African homes also have a spiritual dimension and include the living as well as the dead. Even people without a belief in the ancestor afterlife may perceive their family home as the amalgamation of the dreams, insights, suffering and joy of past, present and future family members.
Missionaries played a role in the Hill, Walser and Hartung families as ancestors and as mentors. Many of them were trained artisans. They sometimes succeeded in creating model communities like Genadendal, Khubus and Wuppertal, which would feed and further advance their inhabitants and later on shelter them against some of Apartheid’s hardships. They also had to learn how to cope with environmental degradation that was inadvertently brought about by higher densities of people and livestock.
Building bridges, however, between ‘us’ and ‘them’ was not what colonialism was about. It established domination. The San, the original people of southern Africa, had been pushed into mountains and deserts and their numbers had dwindled. As nomads they were assumed to have no attachment to land.
The colonial administrators benefited more from the escalation than from the resolution of conflict.

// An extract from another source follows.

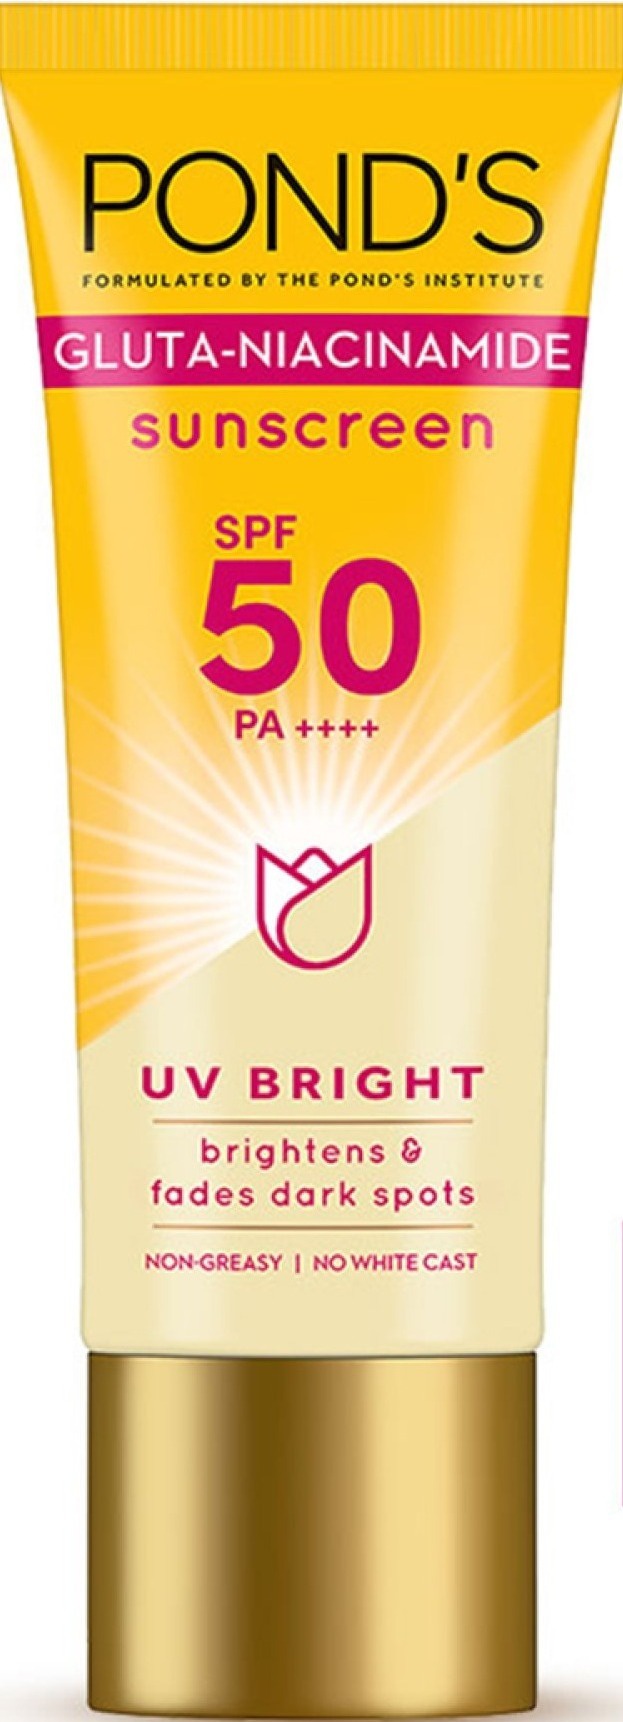 Pond's Gluta-niacinamide Sunscreen SPF 50 Pa ++++ UV Bright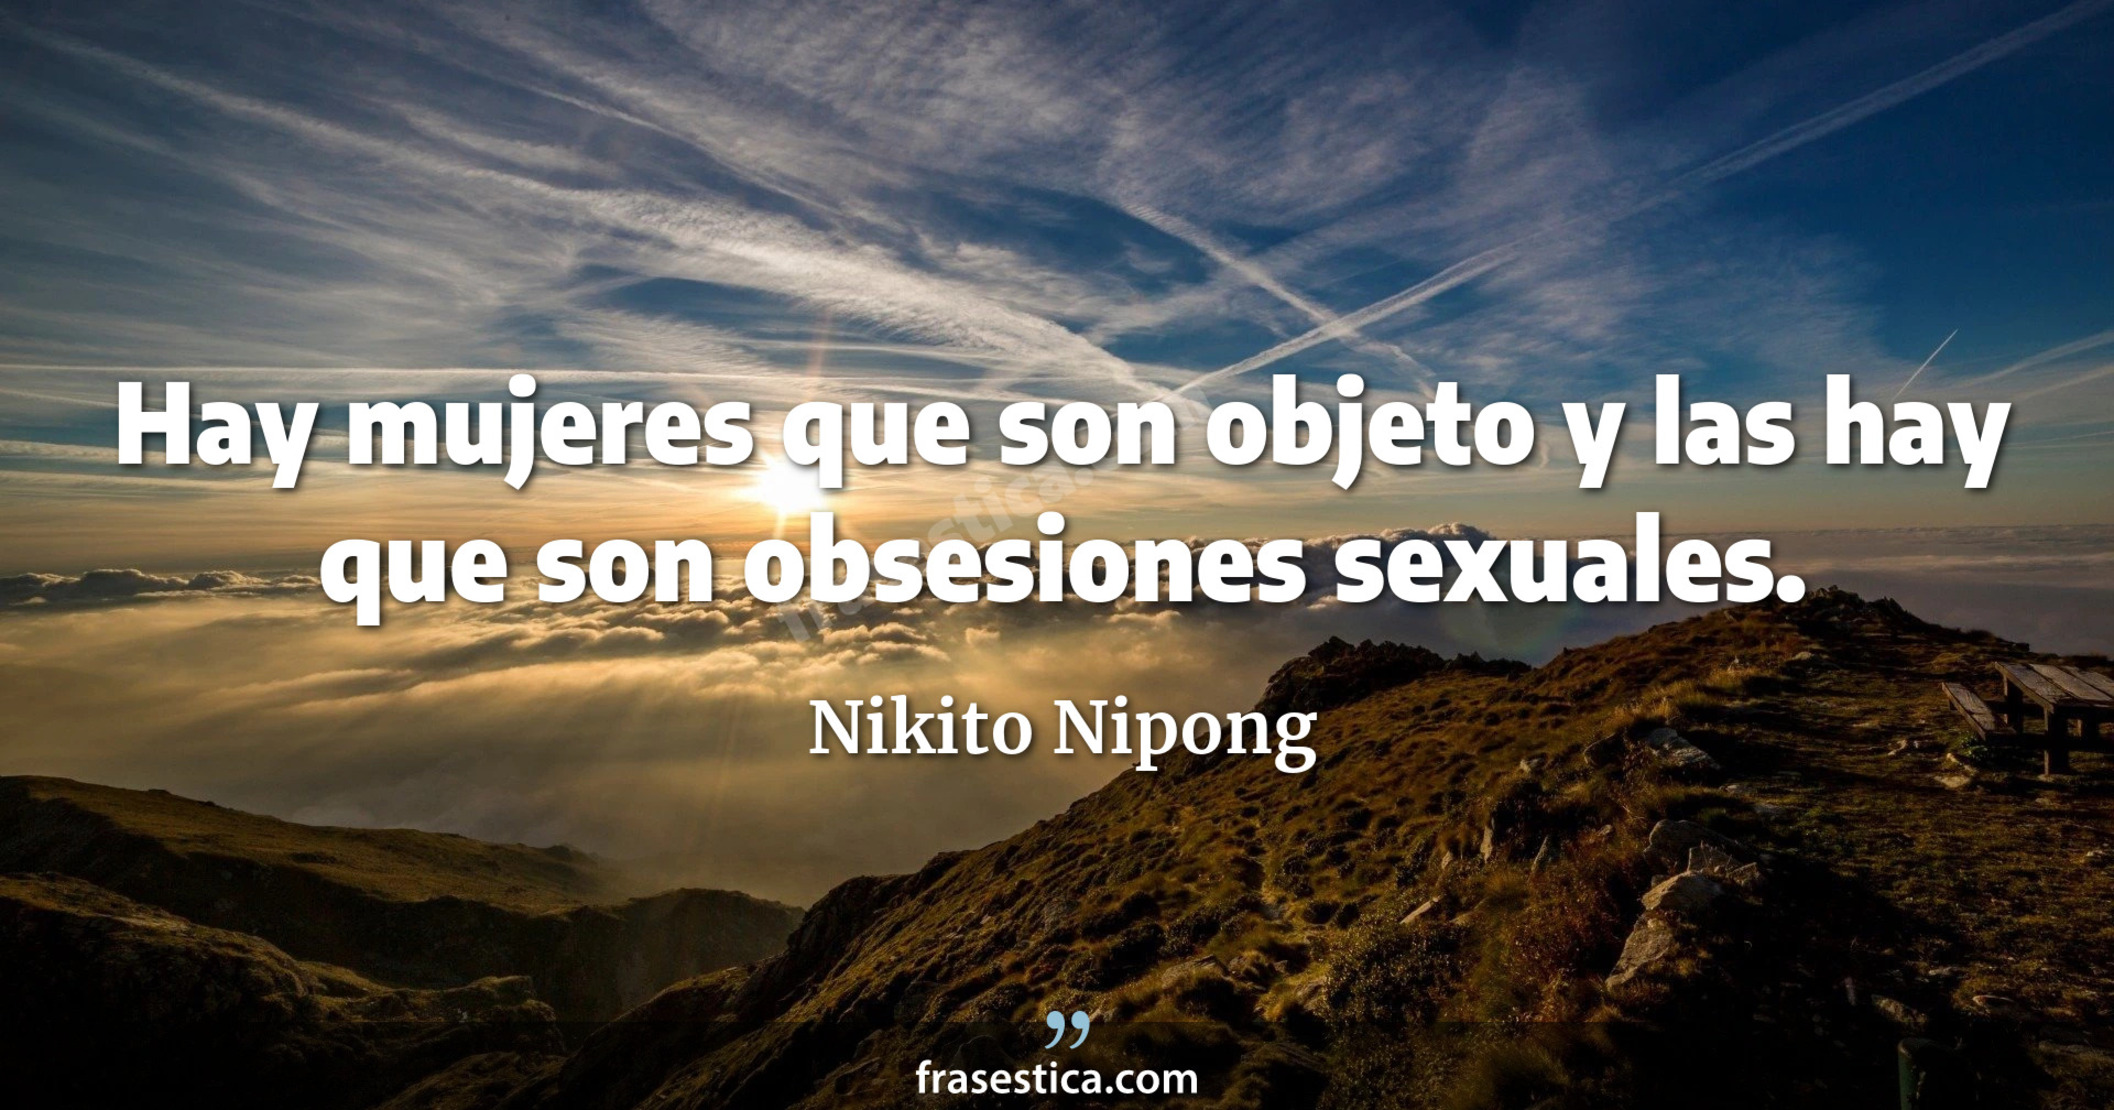 Hay mujeres que son objeto y las hay que son obsesiones sexuales. - Nikito Nipong

Indigenous people who had been pushed towards revolt and had been defeated could easily be stripped of land and livestock.
Colonialism, in whatever form, turned the newcomer-indigenous people, the ‘us-them’ relationship on its head and the ‘Scramble for Africa’ gave everything an additional twist.
The name ‘German South West Africa’ was an open-ended invitation for Germans to settle and other Europeans depended on their good will for the right to reside in the country, while locals could only aspire to second-class citizenship. Indigenous self-government was rejected, indigenous land was declared Crown land and home rights were restricted to ‘reservation homelands’.
After the South African victory over the Germans in 1915 and the Treaty of Versailles, the land became, in essence, (British) South West Africa. Citizens of Britain and the British dominion of South Africa were entitled to residence, land purchase and, often, land bank loans. The new settlers were predominantly Boers who had lost their land and livelihood during the ravages of the Anglo-Boer War (1899-1902).
Obliterating ‘German’ in the country’s name meant that Germans could be expelled as undesirables. Locals often made use of the new government’s temporary administrative indecision and the intention to play the liberal card. They regained some land and livestock and, though in vain, hoped that the British would initiate general restitution.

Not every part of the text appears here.